Olmert’s preamble done, he handed over the meeting to Meir Dagan who sat across the table from the prime minister. He, too, had news from Washington. While there was no evident split within the Bush administration, his station chief in the capital had picked up that Condoleezza Rice had modified her position over whether it was not yet “conducive” to formally intervene in the conflict. The Mossad man had learned from his own sources within the State Department that Rice had redefined her role to that “of a mediator waiting to intervene.” It was still too early for her to resume her shuttle diplomacy, but she hoped that day was coming soon. In Dagan’s judgment this could be interpreted as the secretary of state, for the moment, continuing to take a back seat in the crisis while the neo-conservatives around Bush maintained their position of all-out support for military action. It was the latest steps in that action which preoccupied air force chiefs Major General Elyezer Shkedy, Commander of the Israeli Air Force, and Major General David Ben Ba’ashat, Commander of the Israeli Navy. Sitting around the table were the other men charged with running the war. Lieutenant General Dan Halutz as Chief of Staff sat next to Olmert. He was the highest ranking officer in the room and the Minister of Defense had, since 1976, held overall command of the IDF. He was represented by Colonel Yaakov Toran, Director General of the Ministry. Olmert’s cabinet was also asked to approve all military policies and operations.

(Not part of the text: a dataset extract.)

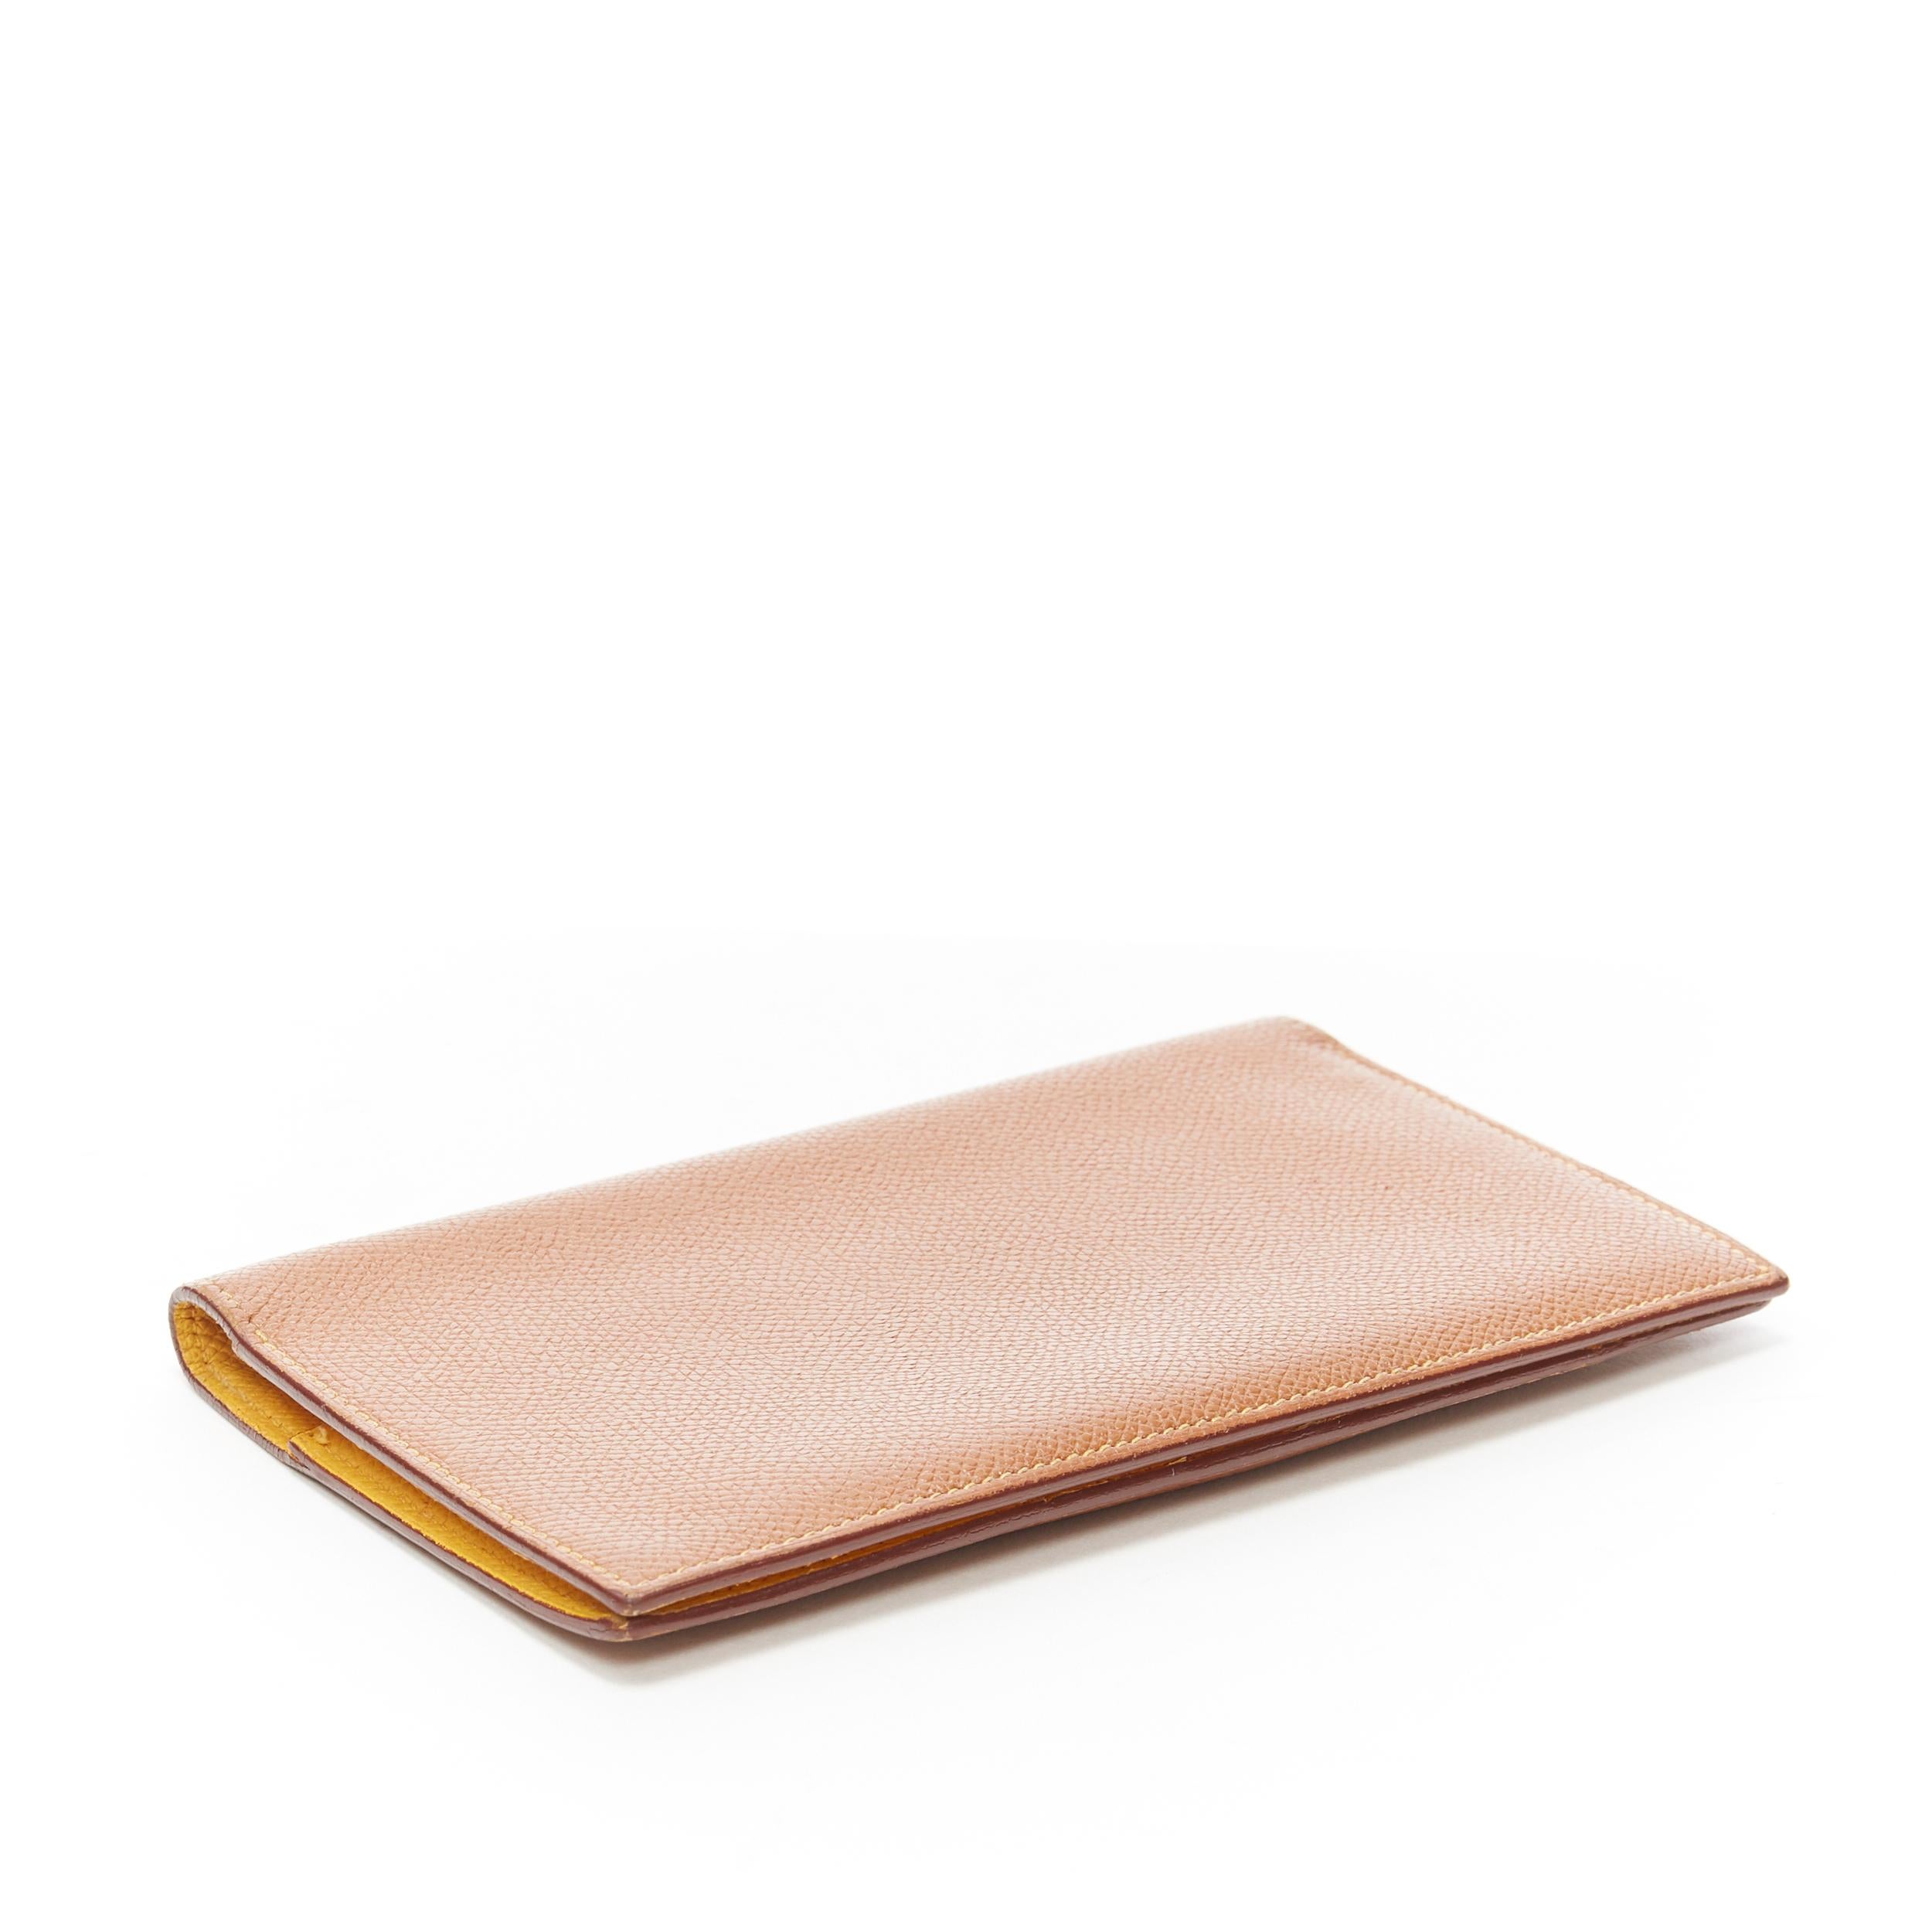 Yellow HERMES tan leather contrast yellow lining minimal long bi fold wallet

In reality, this was done by the Foreign Affairs and Security Committee, but the decisions taken in the war room had so far not been challenged—and were unlikely to be.

Next to Halutz sat his deputy, Major General Moshe Kaplinsky, and Amos Yedlin, Director of Military Intelligence. Others around the table included the three key field commanders, Major General Yair Naveh of Central Command, Major General Yoav Gallant of the Southern Command with responsibility for watching over the Sinai, and Major General “Udi” Adam who was the northern field commander at the cutting edge of the conflict with daily responsibility for running the war in south Lebanon. Toughened by years of fighting, the three officers gave their reports in the clipped language of seasoned military briefers. Another important member of the gathering was Major General Avichi Mendelblit, the IDF’s Military Advocate General. Among his many responsibilities was to ensure that the air attacks would avoid being labeled as war crimes. Brigadier General Moshe Lipel, the IDF’s Financial Adviser, was present to give the daily cost of running the war. Down to the last tank-shell fired and the sticks of bombs dropped, all was accounted for.

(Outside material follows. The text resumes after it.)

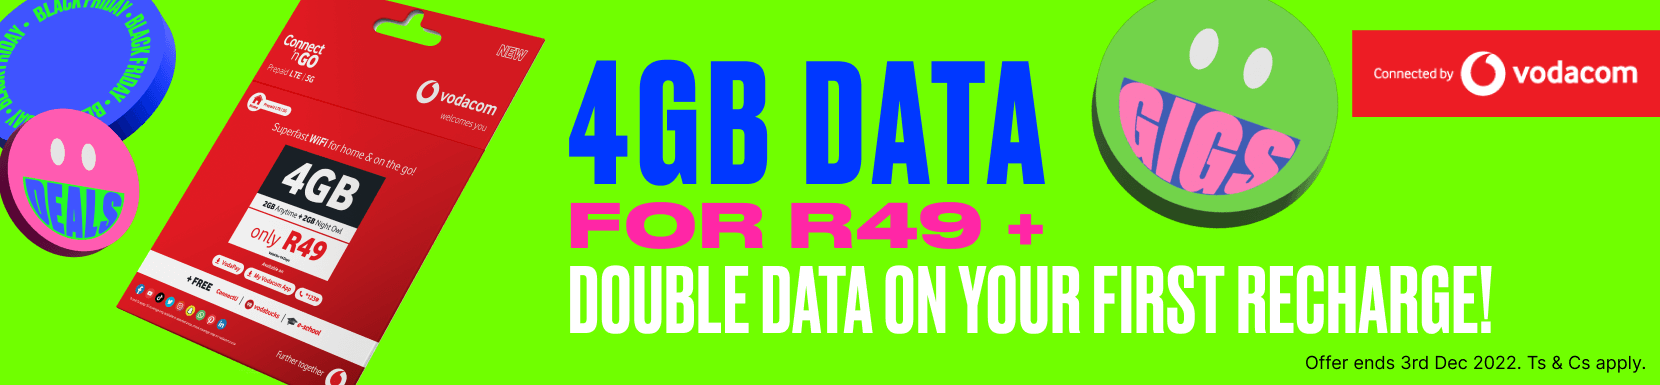 Mr Price Mobile 4GB Data for R49

Miri Regev, the articulate chief spokesman for the IDF from 2002–2007, sat down-table. He would later be responsible for trying to convince an increasingly skeptical world that Israel had no alternative but to continue to strike hard. Others around the table guarded their anonymity. They included the head of Special Forces, whose recent commando raid deep into the Beka’a Valley had echoes of the raid on Entebbe. Then it was to rescue civilians held by another terror group. The Beka’a raid came after Dagan’s deep-cover agents in the valley reported that the two Israeli soldiers captured by Hezbollah and its leader, Hassan Nasrallah, were hiding there. Neither the soldiers nor Nasrallah were found.